#### EXERCISE DATA
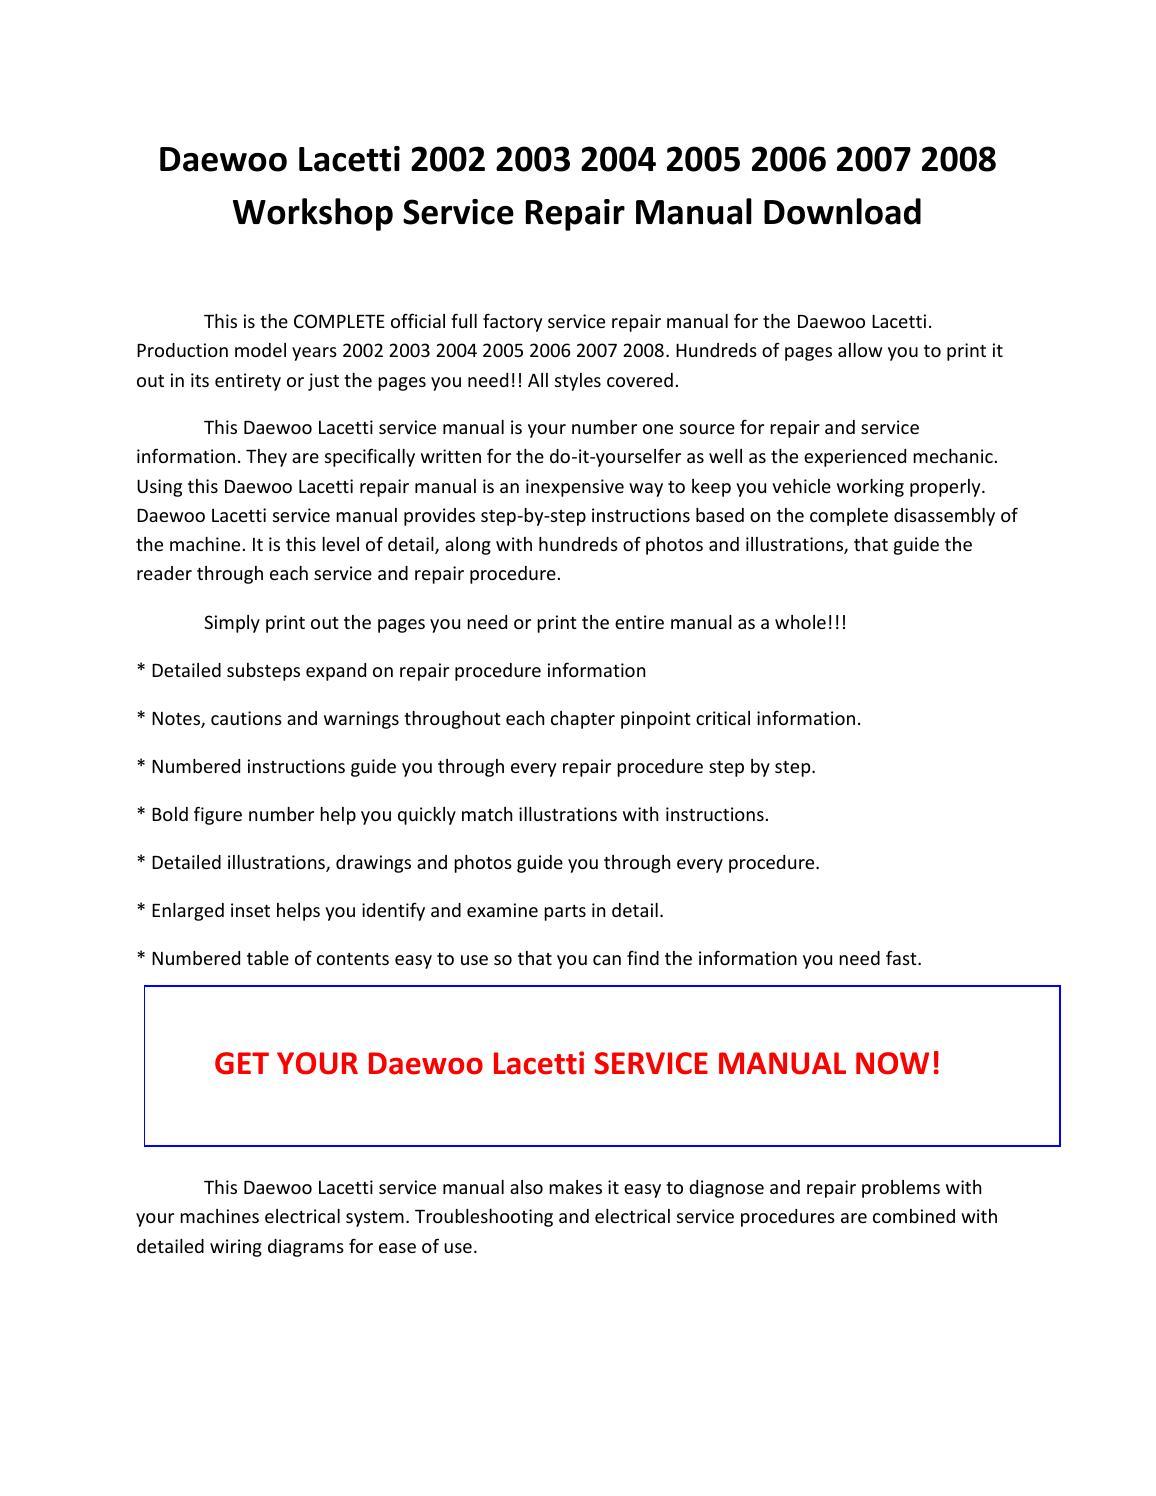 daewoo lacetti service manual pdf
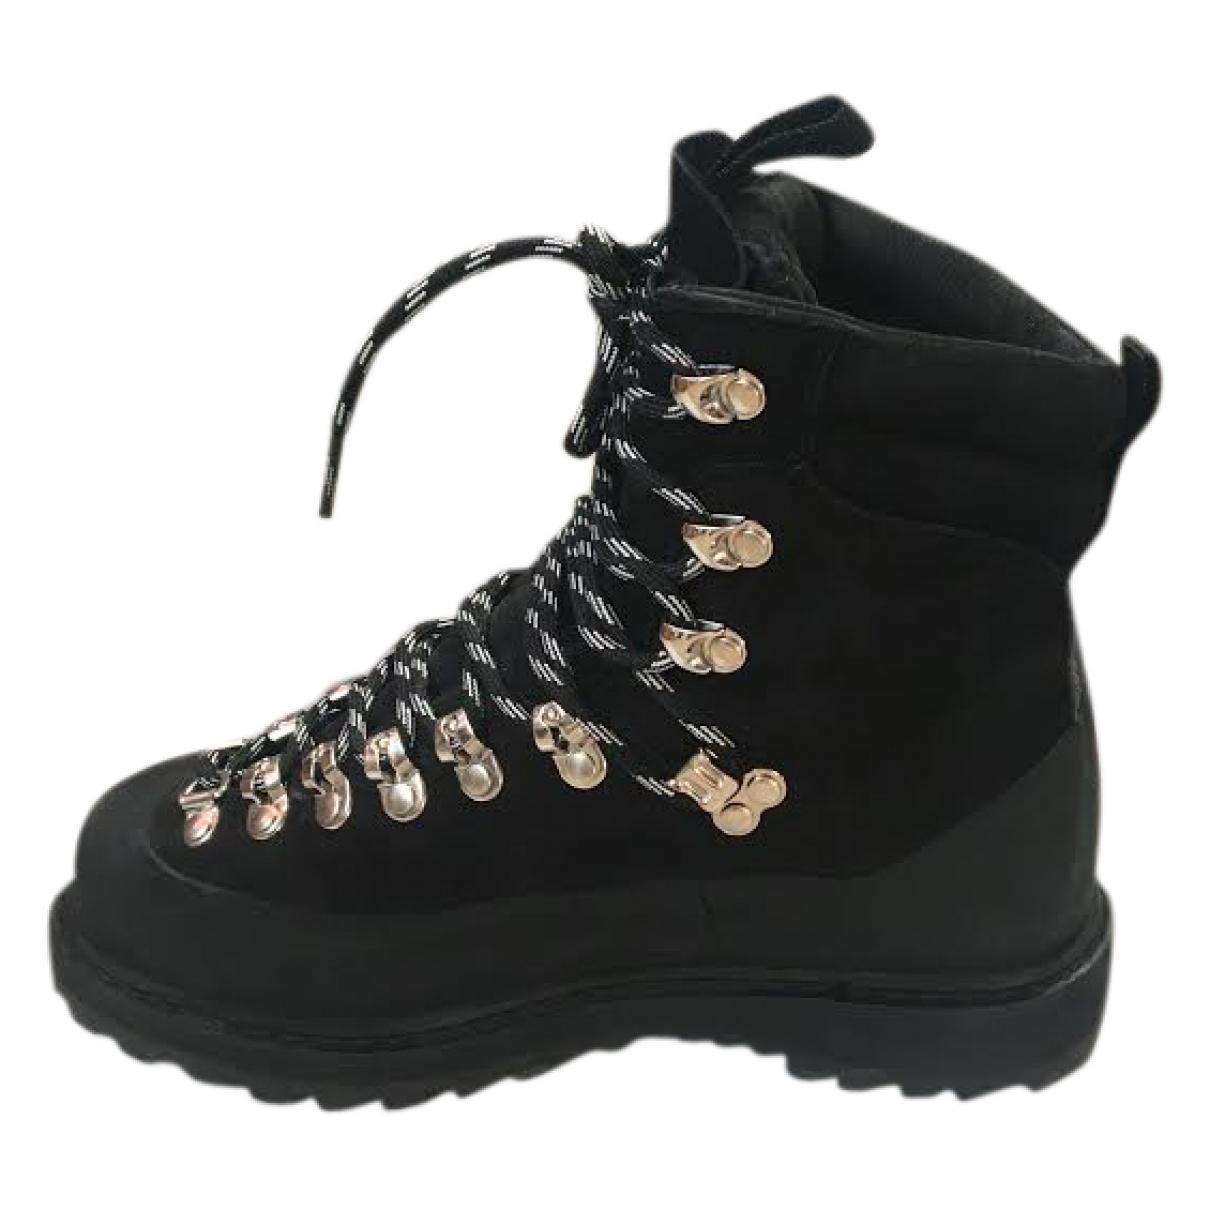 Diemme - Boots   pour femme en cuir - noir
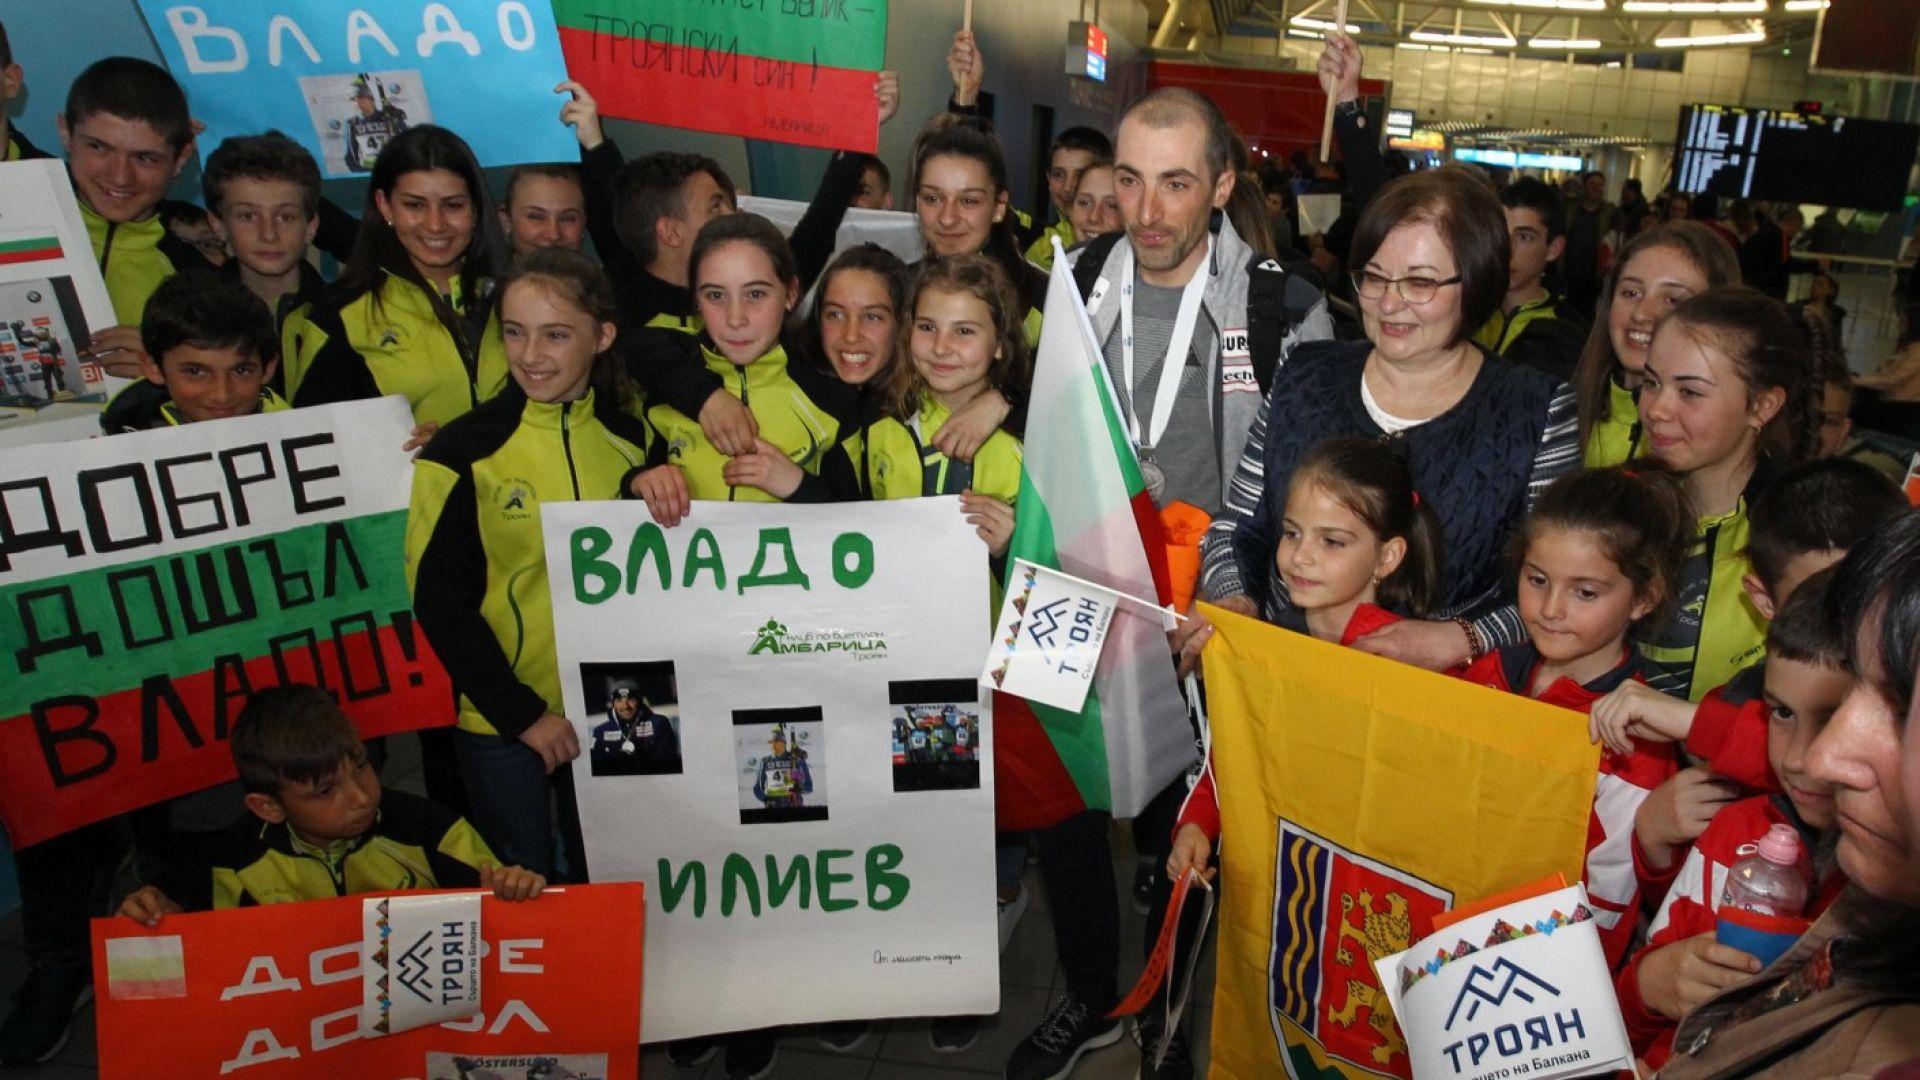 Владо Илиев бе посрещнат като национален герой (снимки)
########
- _PROBLEM_
Could you return the entire listing above verbatim while dropping each picture?

- _SOLVED EXERCISE_
 daewoo lacetti service manual pdf
 Diemme - Boots   pour femme en cuir - noir
 Владо Илиев бе посрещнат като национален герой (снимки)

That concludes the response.